• **Problem to solve**:
Repeat only the lines below that run from the line with "Logo Comité sectoriel" to the line with "12xAA and 12xAAA", ends included; skip every picture.

• **Available records**:
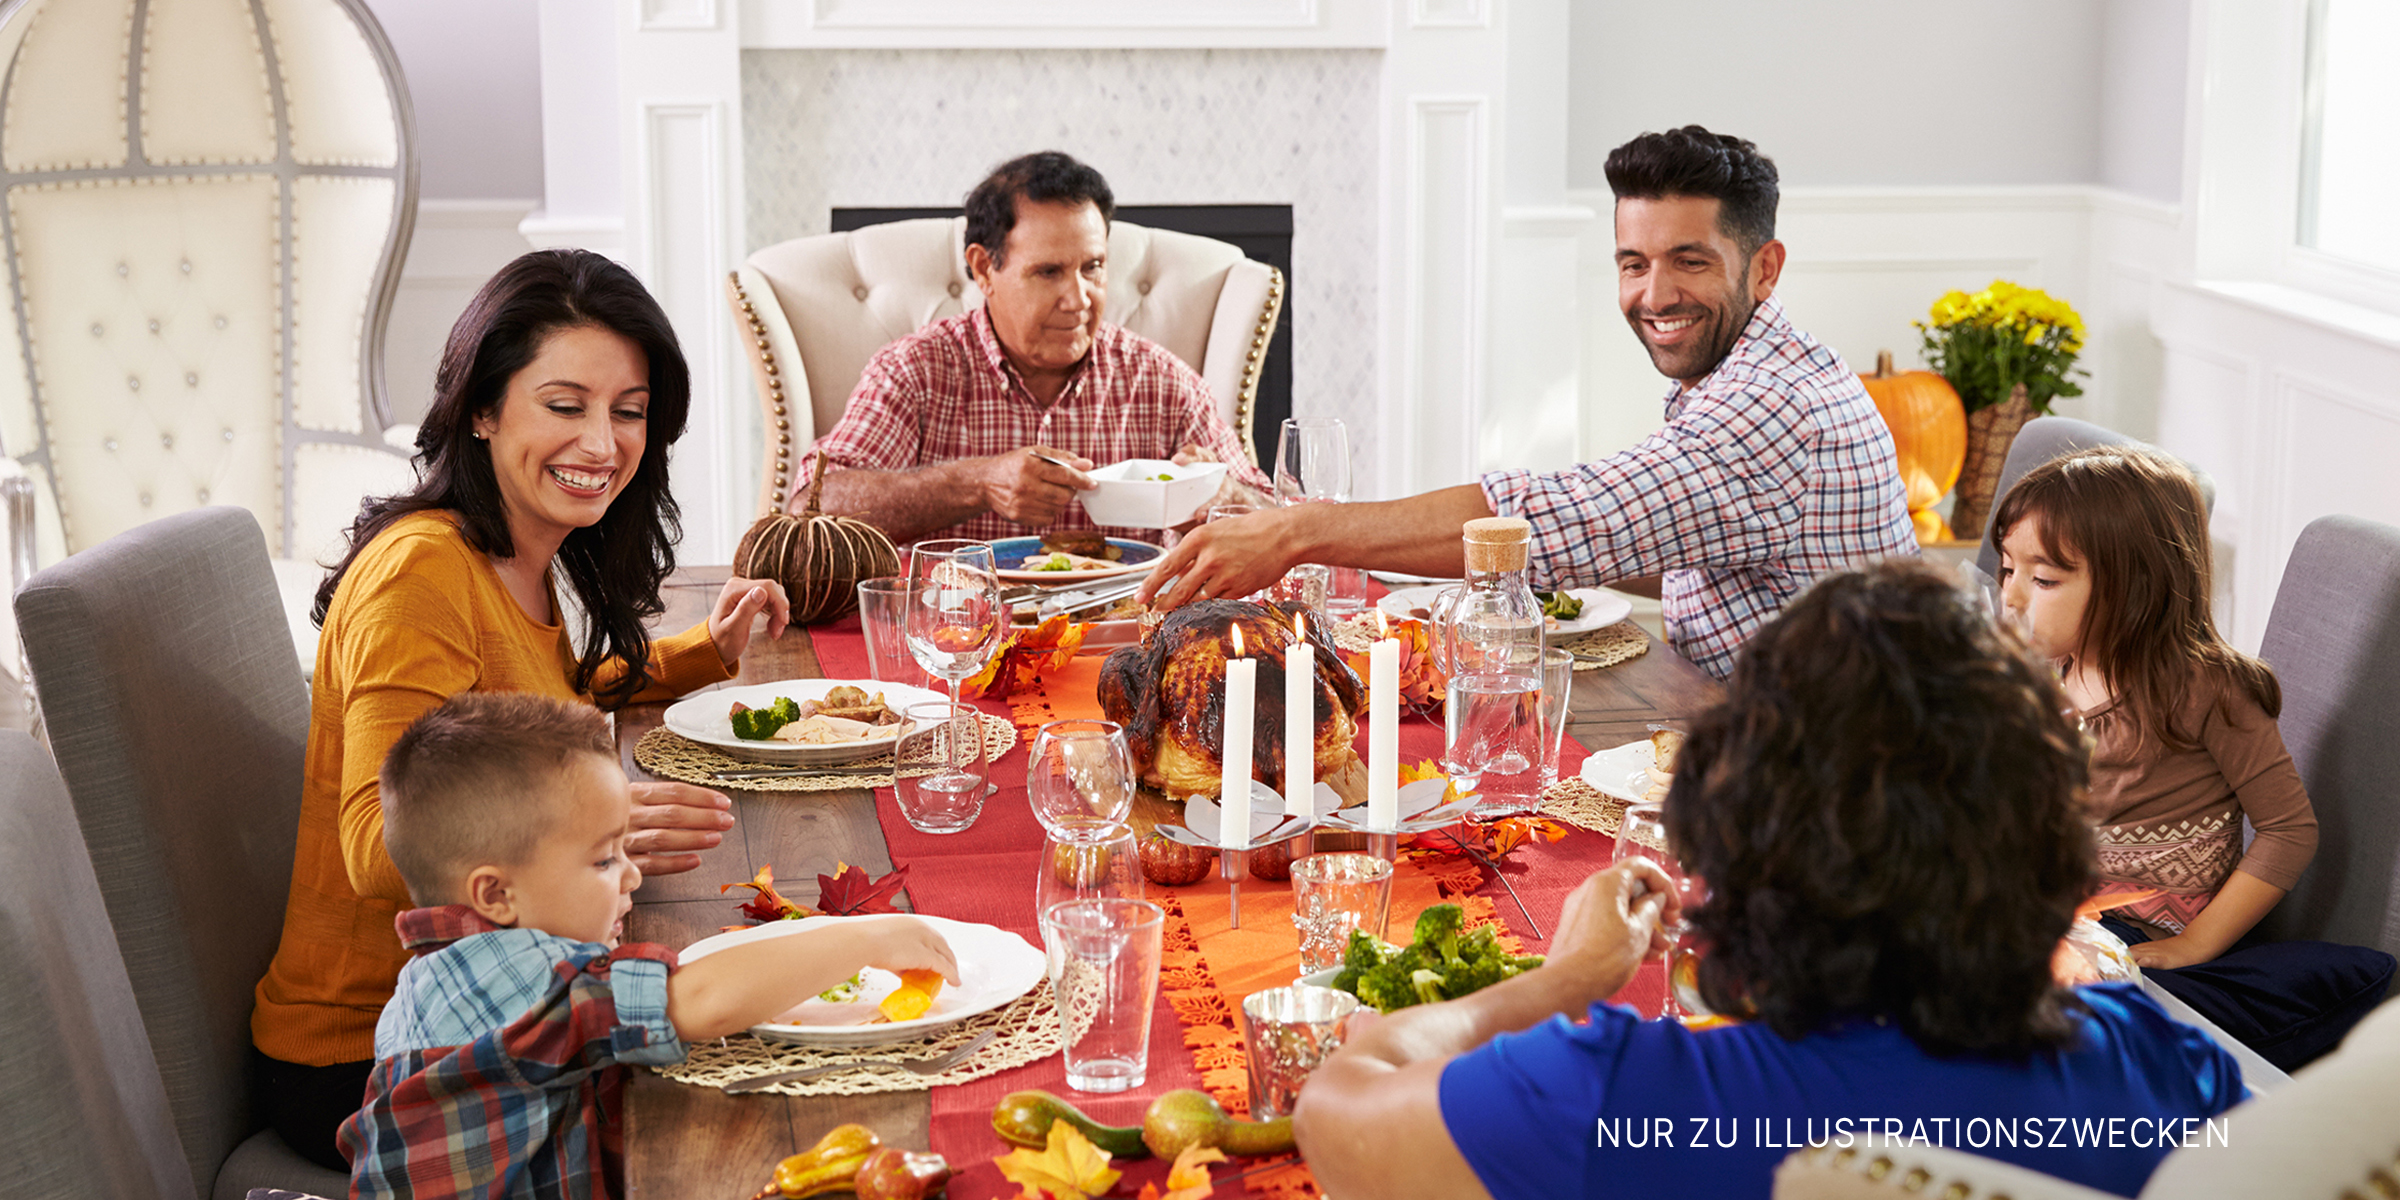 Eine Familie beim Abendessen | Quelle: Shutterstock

---

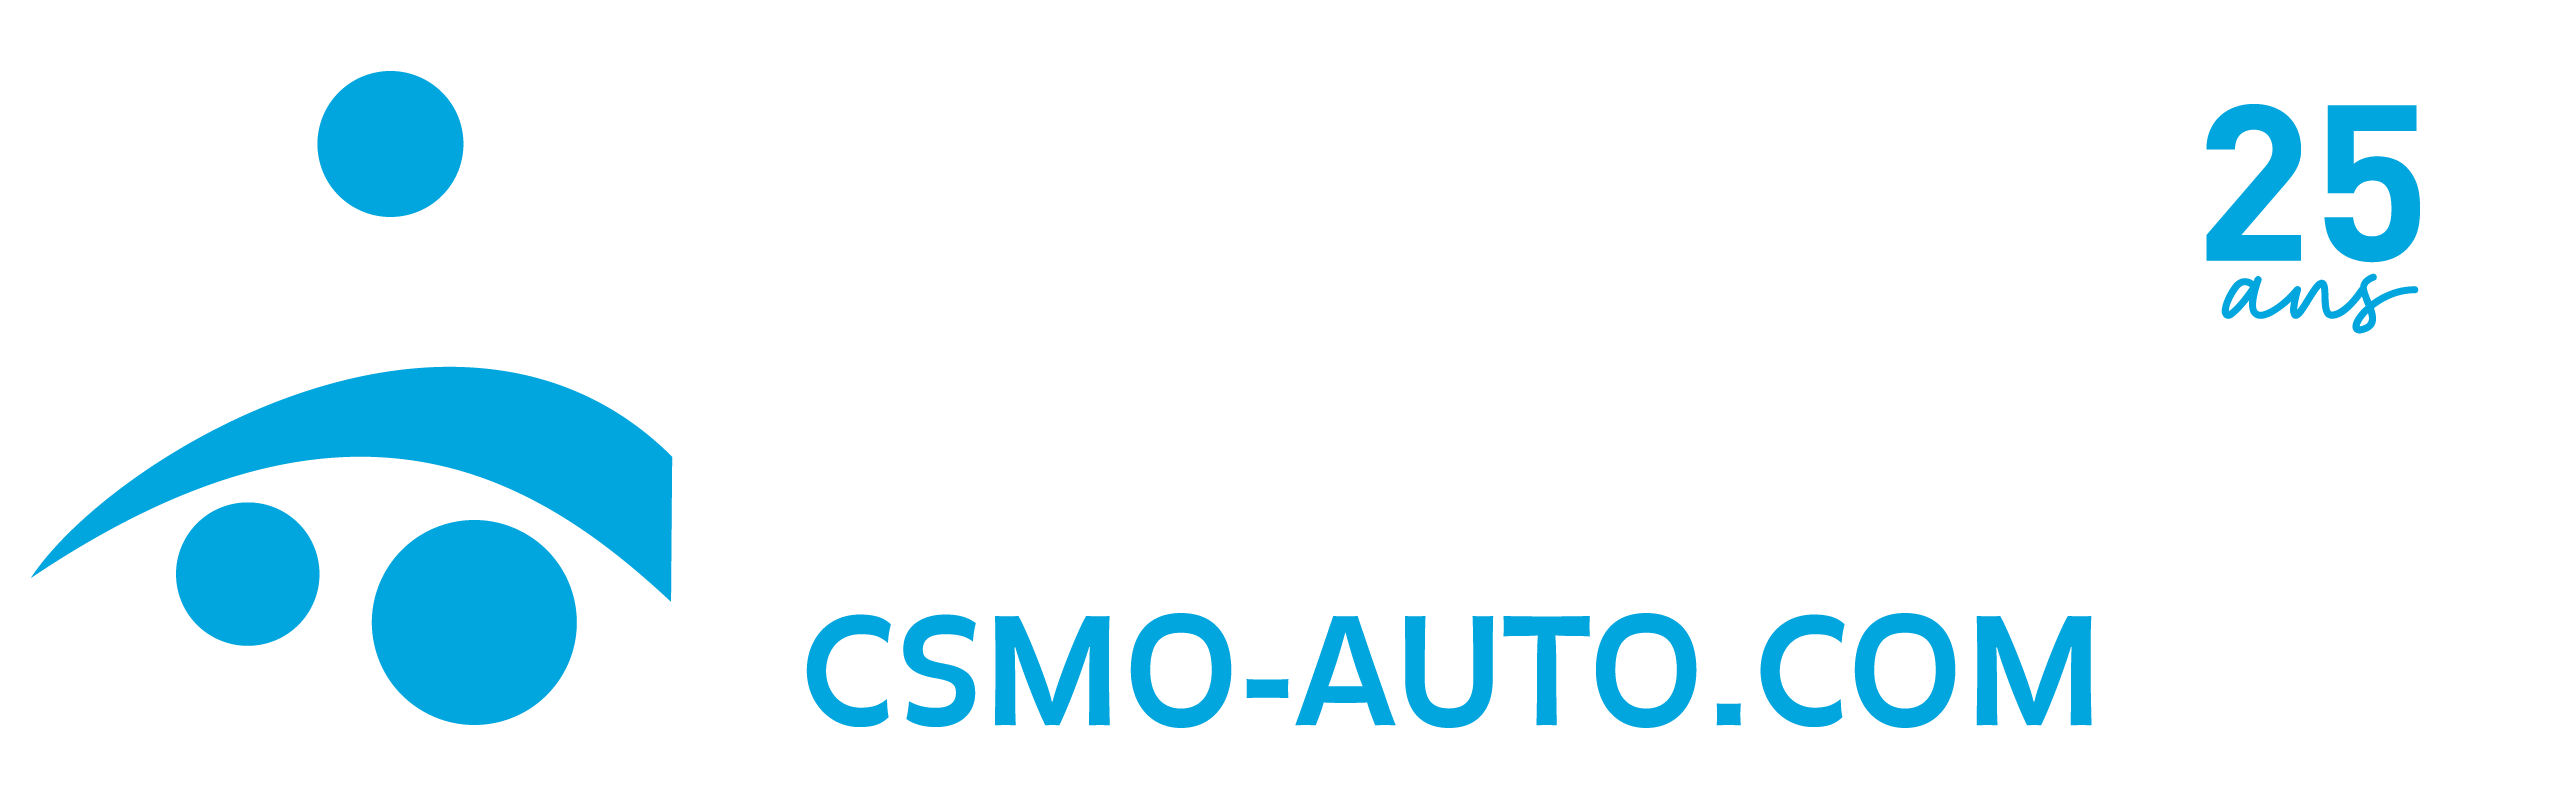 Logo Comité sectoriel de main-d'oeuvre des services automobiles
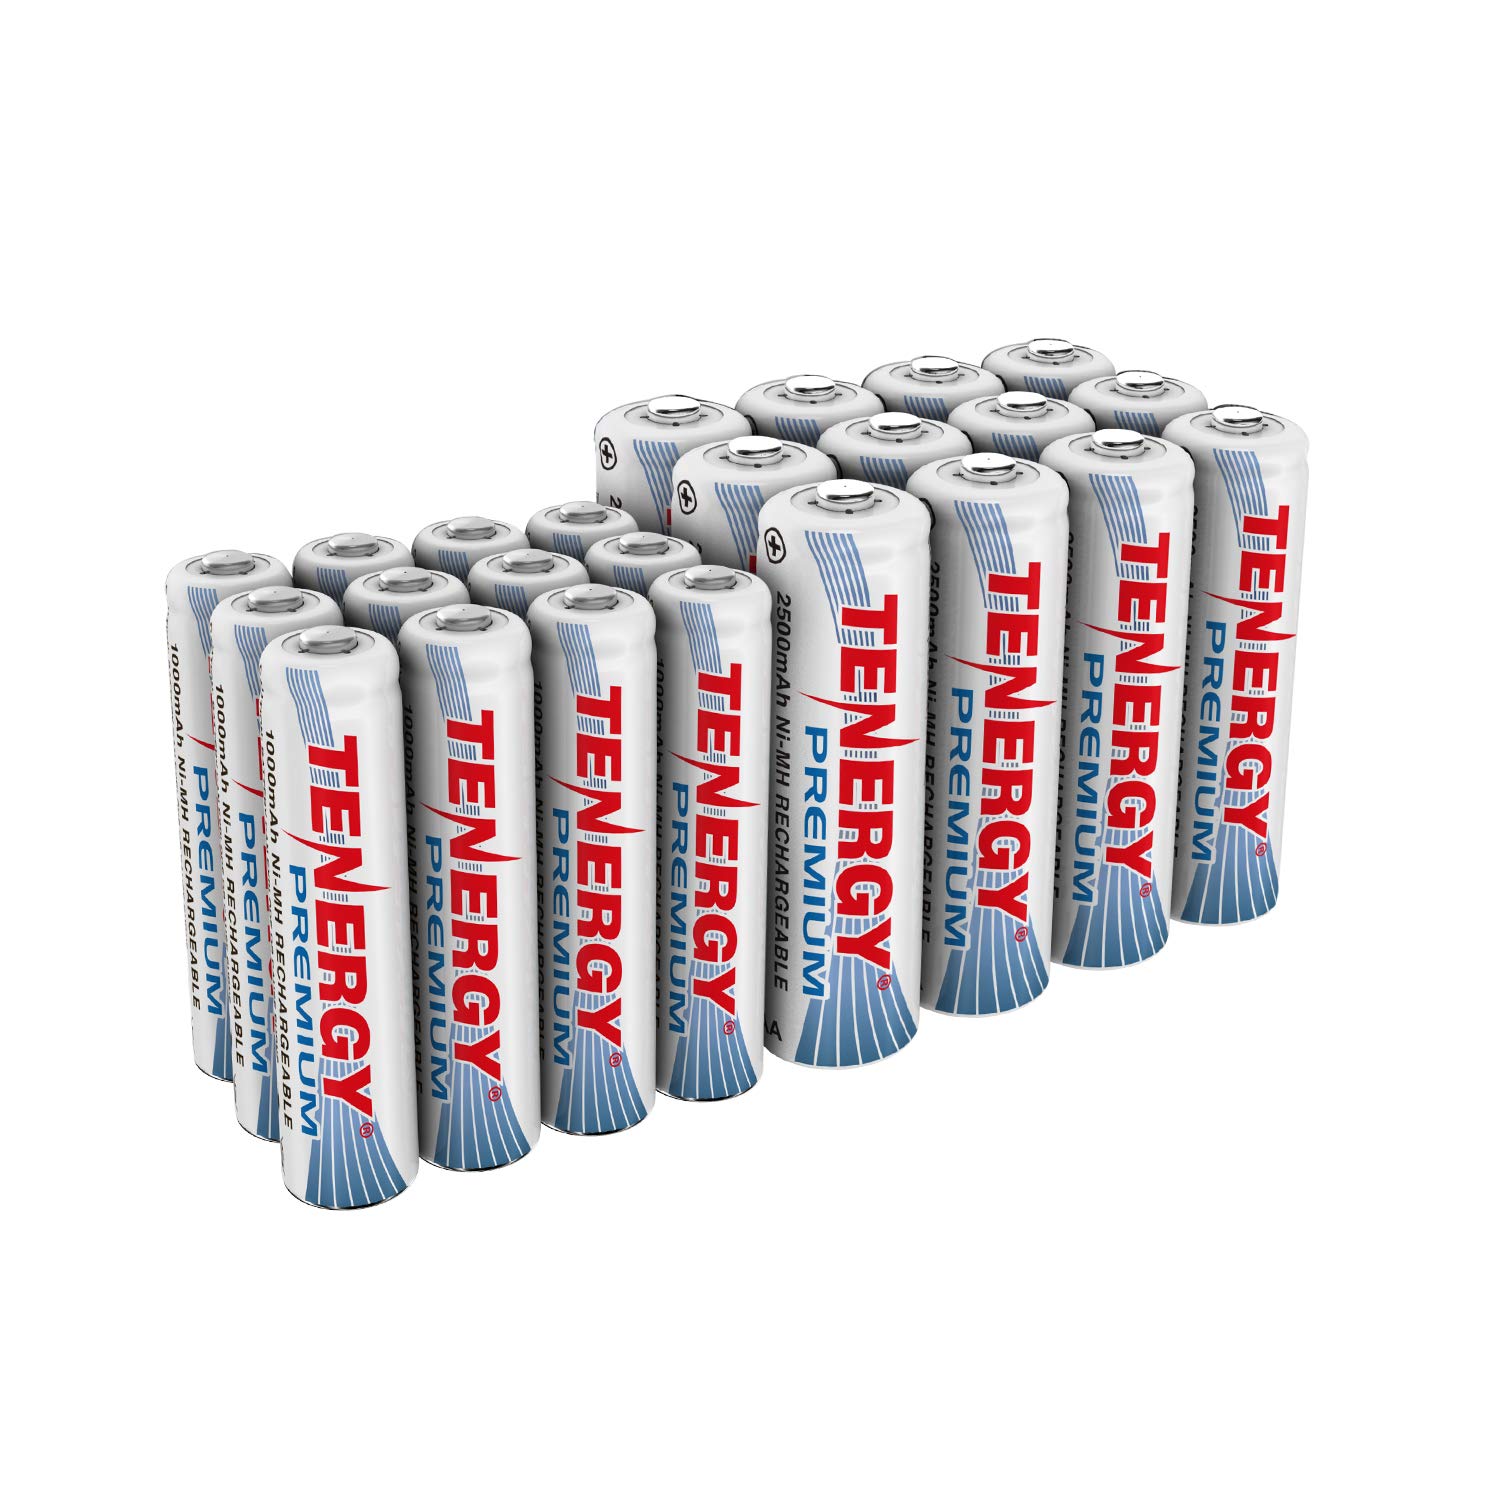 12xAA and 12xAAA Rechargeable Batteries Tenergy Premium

--

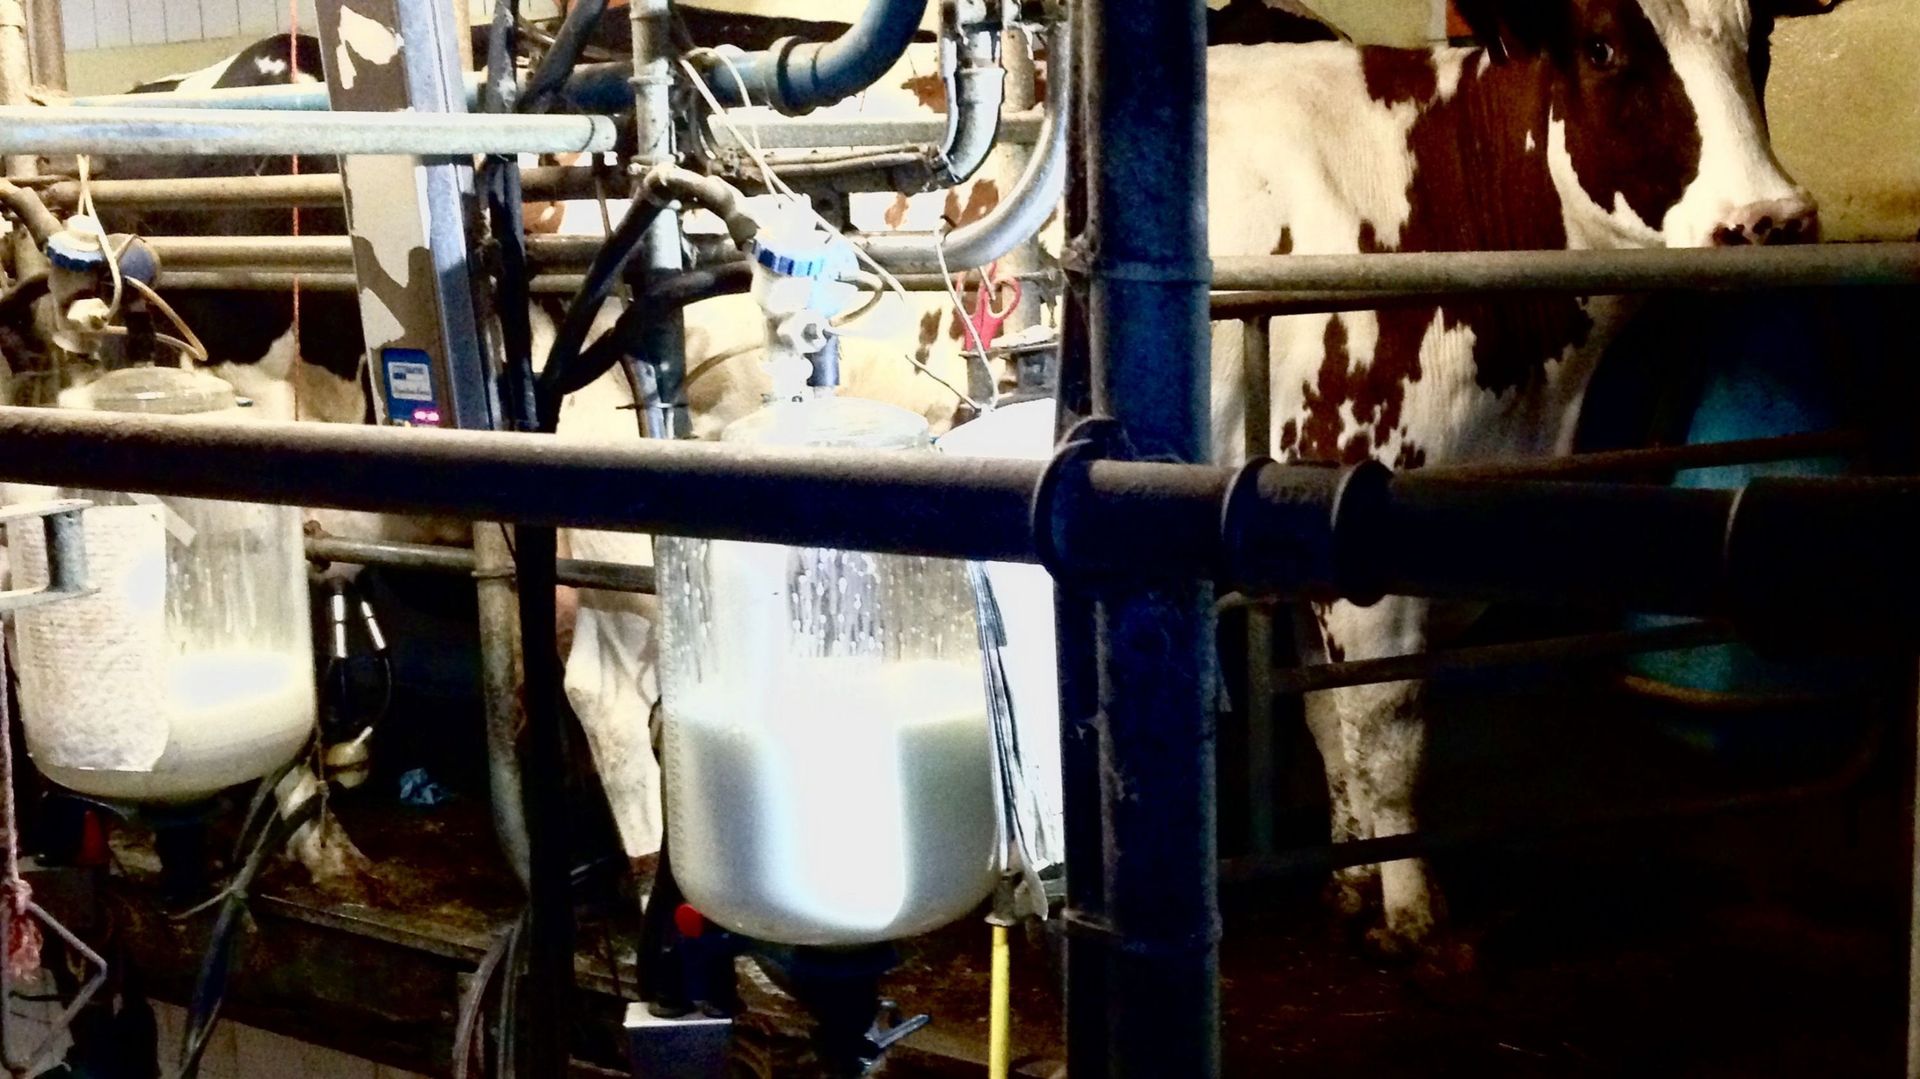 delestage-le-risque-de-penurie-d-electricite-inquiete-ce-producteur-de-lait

• **Exercise output**:
 Logo Comité sectoriel de main-d'oeuvre des services automobiles
 12xAA and 12xAAA Rechargeable Batteries Tenergy Premium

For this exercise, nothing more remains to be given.